A ghostly chill settled on my neck as the voice of my one-time master whispered,
No more, Ebenezer. Just you!

“Nellie Pearl,” Adelaide said beside me.

With another peal of laughter, the actress tore back the veils and stared at us with that same malevolent gleam I'd seen in the mirror the last time we'd visited.

“Nellie Pearl's dead,” she said. “Don't you read the newspapers? Hmmm . . . I will say, I can't help but be curious: how long will it take people to start wondering what happened to Sarah?”

“The chorus girl, the one who looked so much like you,” I said. “She was the one you were dragging around in St. Paul's. You kept us far enough away so that we would not realize she said nothing the entire time, the voice we heard was yours.”

Adelaide shivered. “You had to be sure her face was destroyed so no one would see her scar and know it wasn't you.”

“Aren't you two the clever little ducks,” Nellie said. “Quacking away. I meet so many of your kind. Like dear, disfigured Crisparkle. The greatest costumer I ever had, though it was Sarah he loved. I suppose he thought that little scar of hers made them alike. But his wounds, hideous.”

“He made that for you,” I said, pointing at her costume and gloves, assembling the pieces of the puzzle strewn before me. Then I recalled the man with the torn-apart face that Dickens had gazed upon in the underground chamber where the bodies fished from the Thames were stored. “Before you killed him.”

“Clever, clever!” Nellie said, beaming. “I'm so very proud of you both. I've slaughtered so many stupid animals. Stupid and trusting. It'll be a pleasure to gut you both and send you to your reward.”

Adelaide stumbled back. “Why? Why my poor Tom? Why all of this?”

“Well,” Nellie said as she bent low, working the blade free of Sunderland's now-still form. “I could say it dates back to some of those awful Bible lessons Jane Fezziwig would give, ‘do onto others
before
they can do onto you' or whatever it was. . . .”

Dipping her hand in the spray of blood from the wound in the fat man's neck, she wrote HUMBUG on the flat stone.

“But at the end of the day, I think this one had it right. What difference can it possibly make to someone who's about to die? Just one thing: where is that bastard Shen, anyway? He should be with you.”

“Dead,” I told her.

She blanched. Shook her head. “No . . . No,
I
kill him. I get to see his face when he realizes who is stabbing the life from him. He followed me constantly, everywhere I went. Do you know how many times that infernal foreigner nearly discovered my secret? I couldn't let that happen. The play had to be allowed to continue until the final act, the final scene. That was going to be my greatest triumph! The show must go on!”

I said nothing, simply prayed that Adelaide, still behind and off to one side of me, could see my hand as I motioned her to back away.

“You're lying!” she screeched. Her eyes blazed in the moonlight.

“I'm not.”

Bounding to her feet, she rushed at me, blade slicing the air.

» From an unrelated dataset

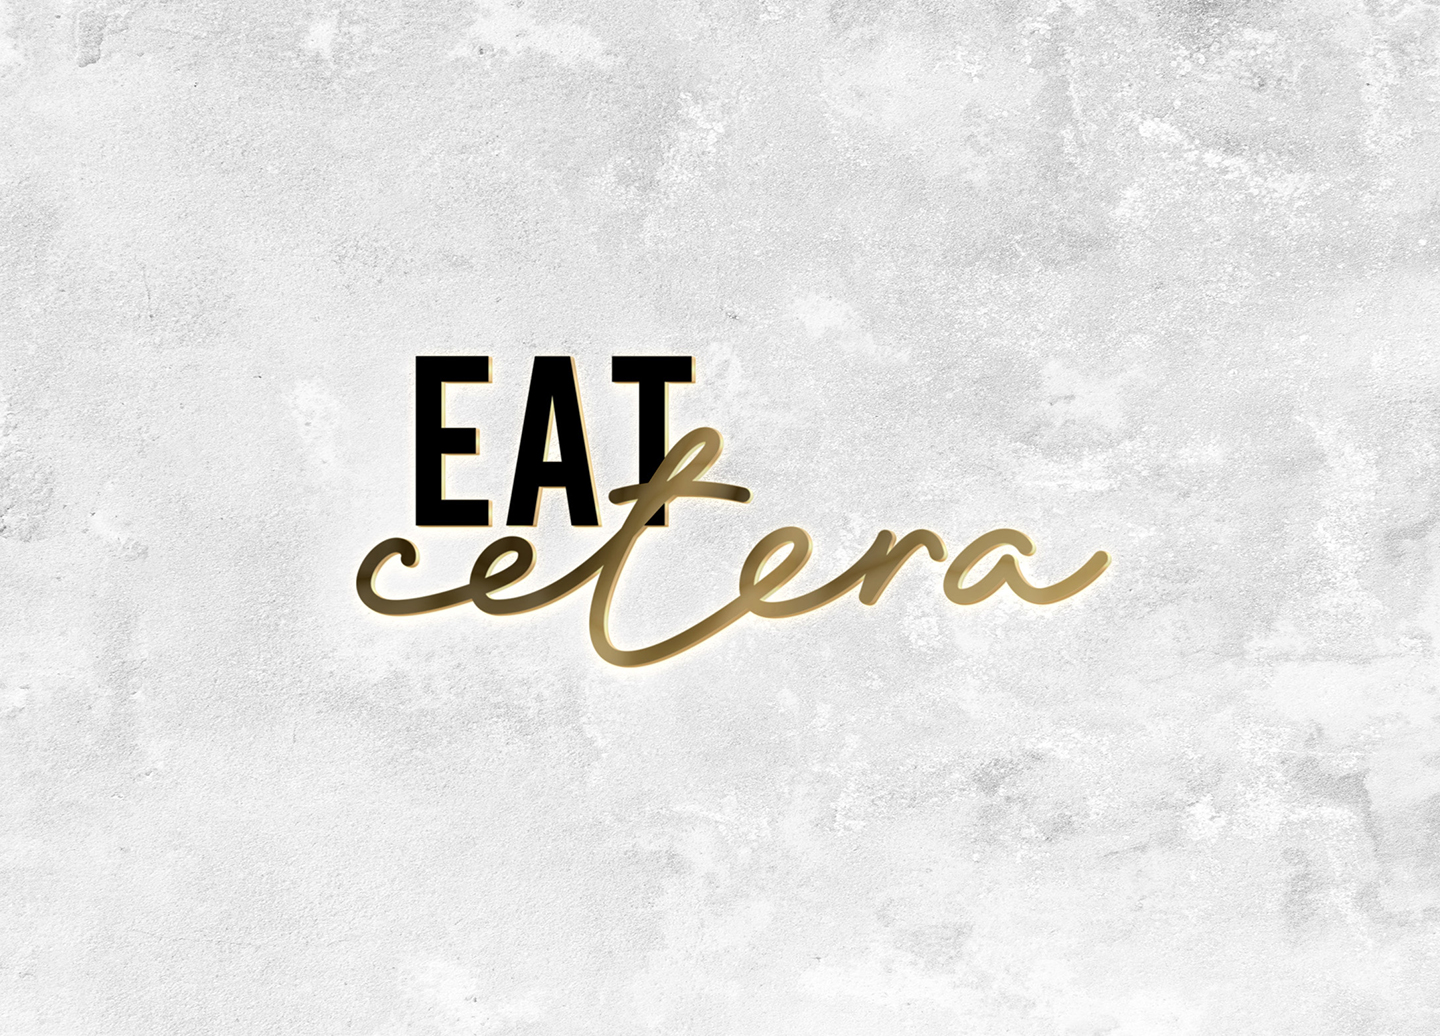 Eat Cetera

I flew at her, whipping the stolen blanket from over my shoulders. Half-stepping to one side as the cold steel rushed past me, I flung the blanket over her head and wrapped my arm about her. We went off balance and tumbled down the path in a mad tangle. I heard running boots—Adelaide's, I prayed, then was jolted as the side of my head struck a heavy stone jutting up from the path. Dazed, I lost my grip on Nellie, who spun far from me.

Head throbbing, dizziness threatening to take hold, I rose and stumbled in the direction of the running footsteps I'd heard earlier. The footfalls doubled back, and I fought against the throbbing in my skull long enough to lift my head and see Adelaide rush towards me. She cast an anxious look towards the snowy hill at my right, then silently hauled me back down the path to the ruins.

The crimson glow beyond the great walls made its remaining windows look like the devil's eyes, fixed and watching us. From the screams and commotion on the other side of that wall, where the women were being held for the foul pleasures of the masked men at the country house, chaos had finally erupted.

Lazytree was bellowing orders. Whips snapped and piteous wails rose up. Echoing voices, guttural laughter, prideful boasting, frightened screams, all bounded from beyond the crumbling walls where the red flames were stoked and cracked and licked the blackened sky.

Hell indeed.

“This way, this way!” Lazytree demanded. “Put that unpleasantness behind you and see the delights you have in store!”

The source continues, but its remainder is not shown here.